High in the crow’s nest, lookout Frederick Fleet peered into a dazzling night. There was no moon, but the cloudless sky blazed with stars, and the Atlantic was like polished plate glass. Lookouts were not supplied with binoculars, but at 11:40 p.m. Fleet’s eyes suddenly detected something directly ahead, even darker than the darkness. At first it was small, but every second it grew larger and closer. Fleet quickly banged the crow’s nest bell three times, the warning of the danger ahead.

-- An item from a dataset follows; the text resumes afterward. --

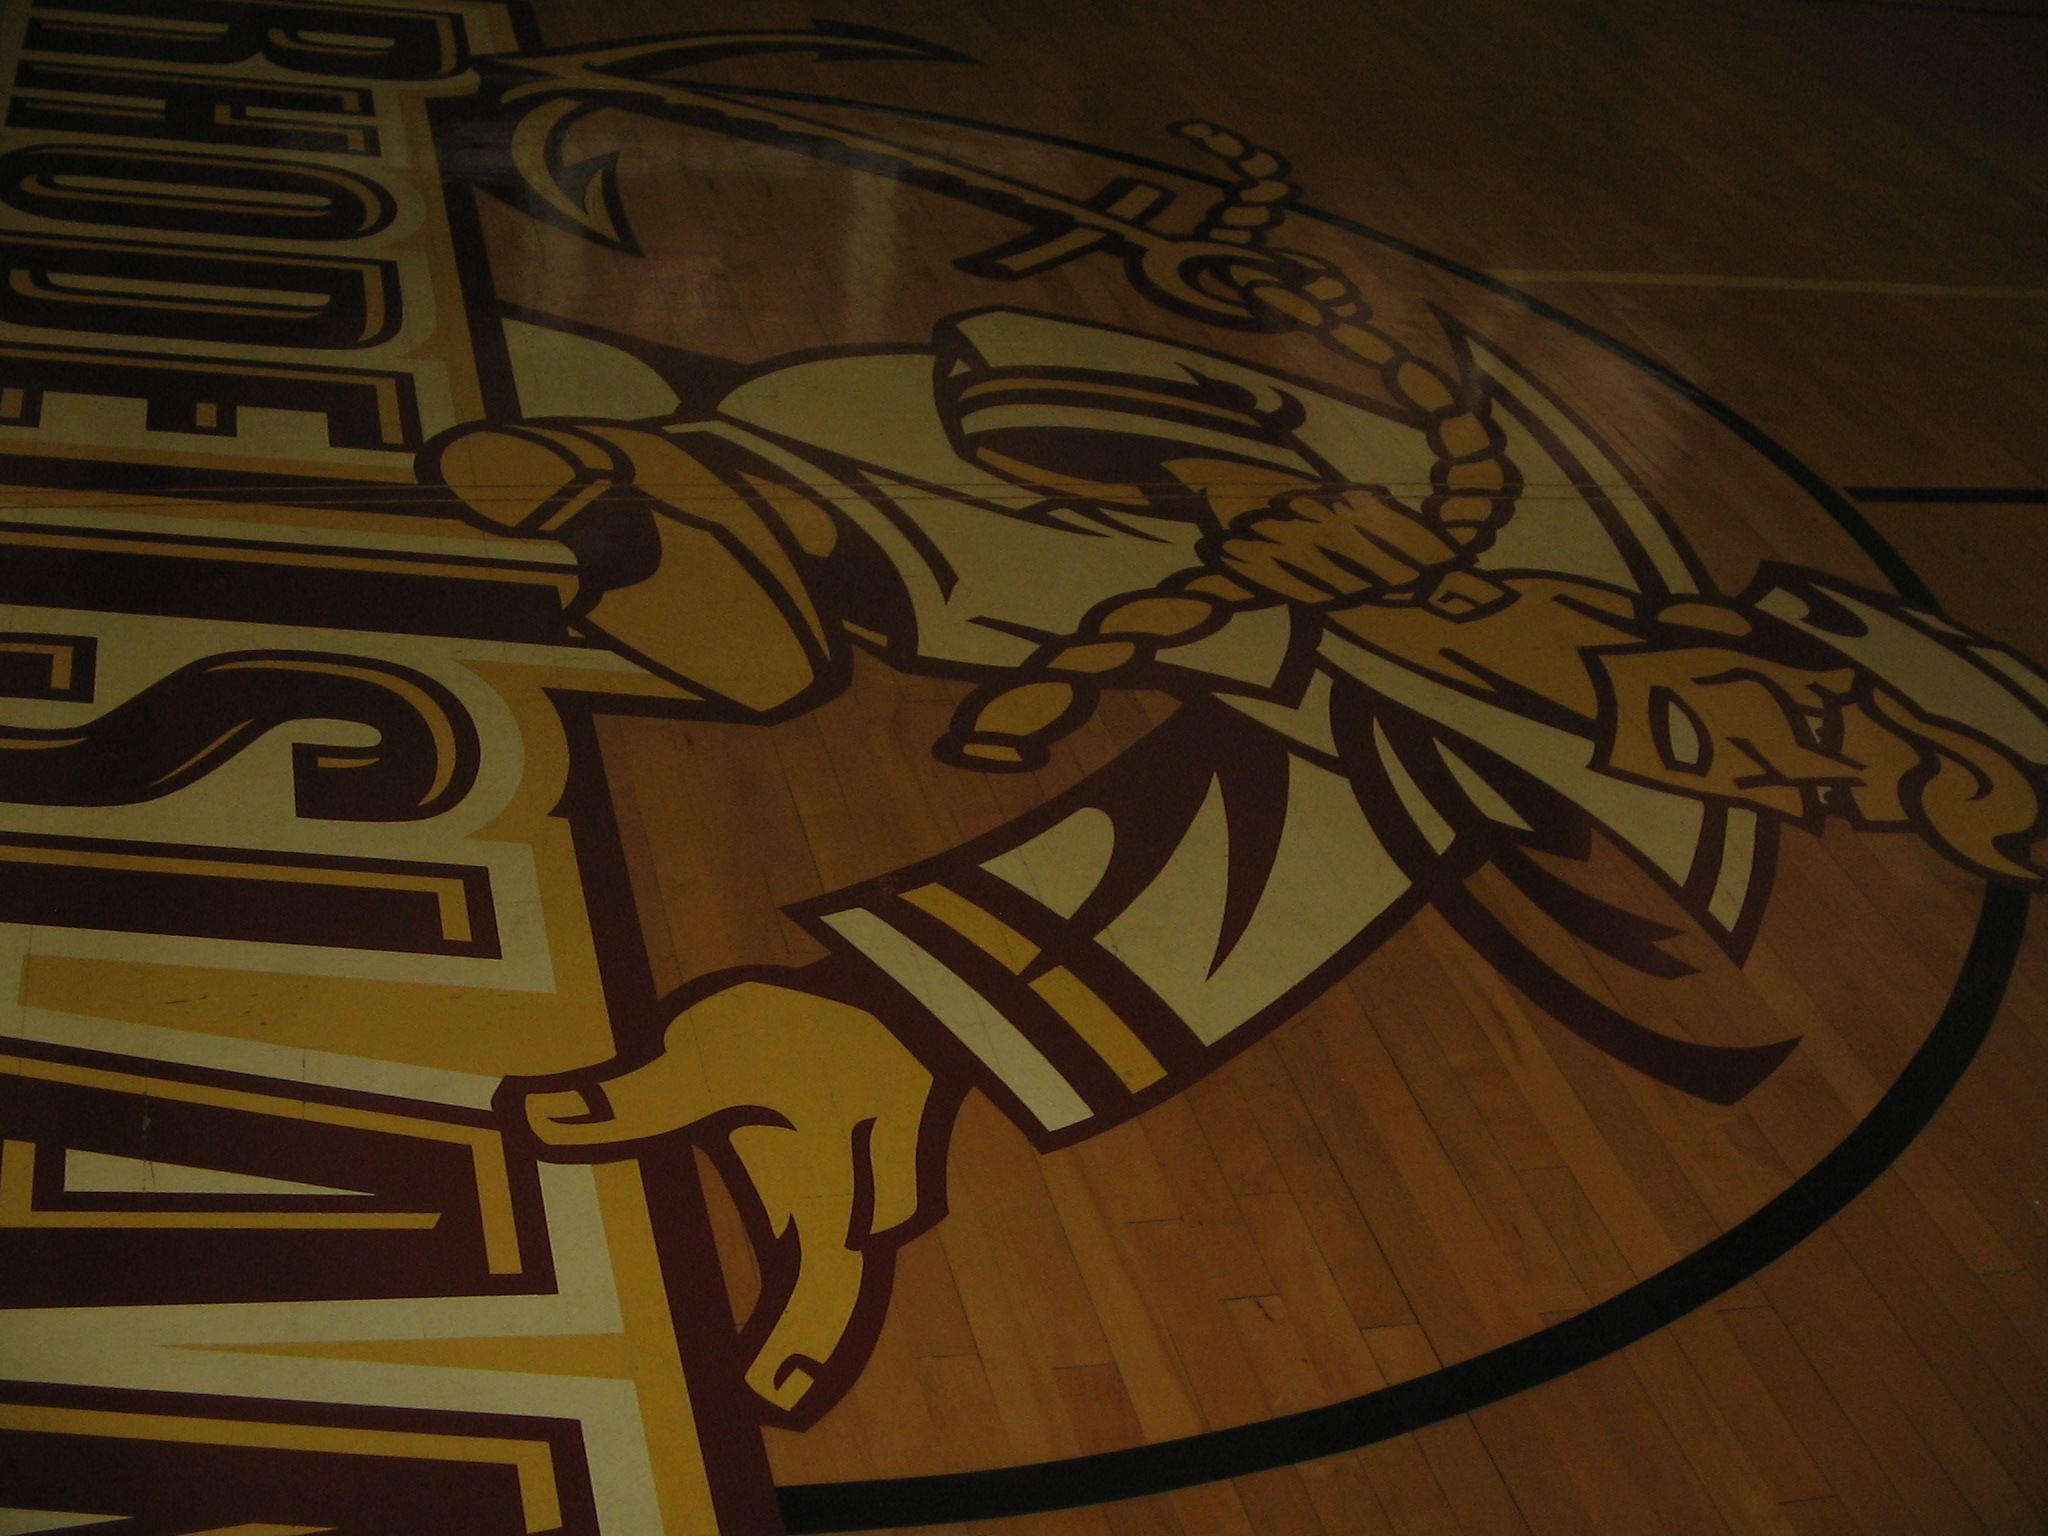 Logo - Sailor - Rhode Island College - Providence RI.JPG

At the same time, he lifted the phone and rang the bridge.

“What did you see?” asked a calm voice at the other end.

“Iceberg right ahead,” replied Fleet.

“Thank you,” acknowledged the voice. Nothing more was said.

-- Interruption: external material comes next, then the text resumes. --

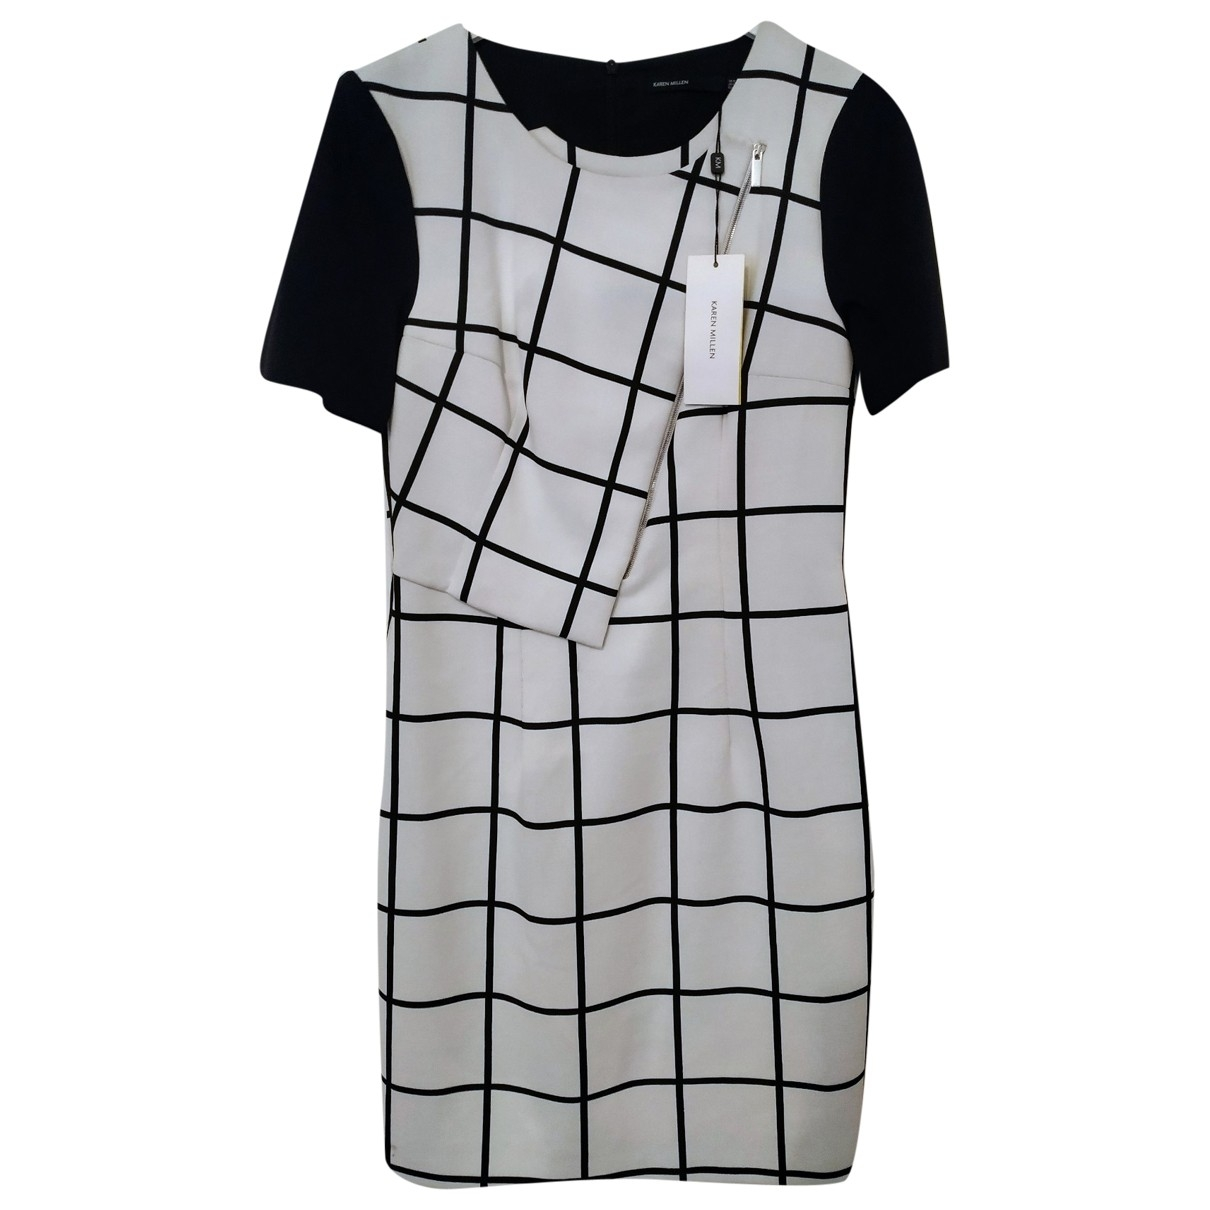 Karen Millen \N Kleid in  Weiss Baumwolle - Elasthan

On the bridge, Quartermaster Robert Hichens was at the wheel. First Officer Murdoch gave the order: “Hard astarboard!” This meant turning the stern of the ship to starboard and the bow to port. As Murdoch telegraphed the engine room “full astern,” Hichens obeyed the spoken order and threw his full weight to the wheel.

In the crow’s nest, Fleet stood motionless as the silhouette loomed larger and larger. After what seemed an eternity, the Titanic’s bow finally swung to port and was beginning to clear the iceberg. Fleet braced himself as the forecastle brushed against the berg and ice tumbled onto the forewell deck.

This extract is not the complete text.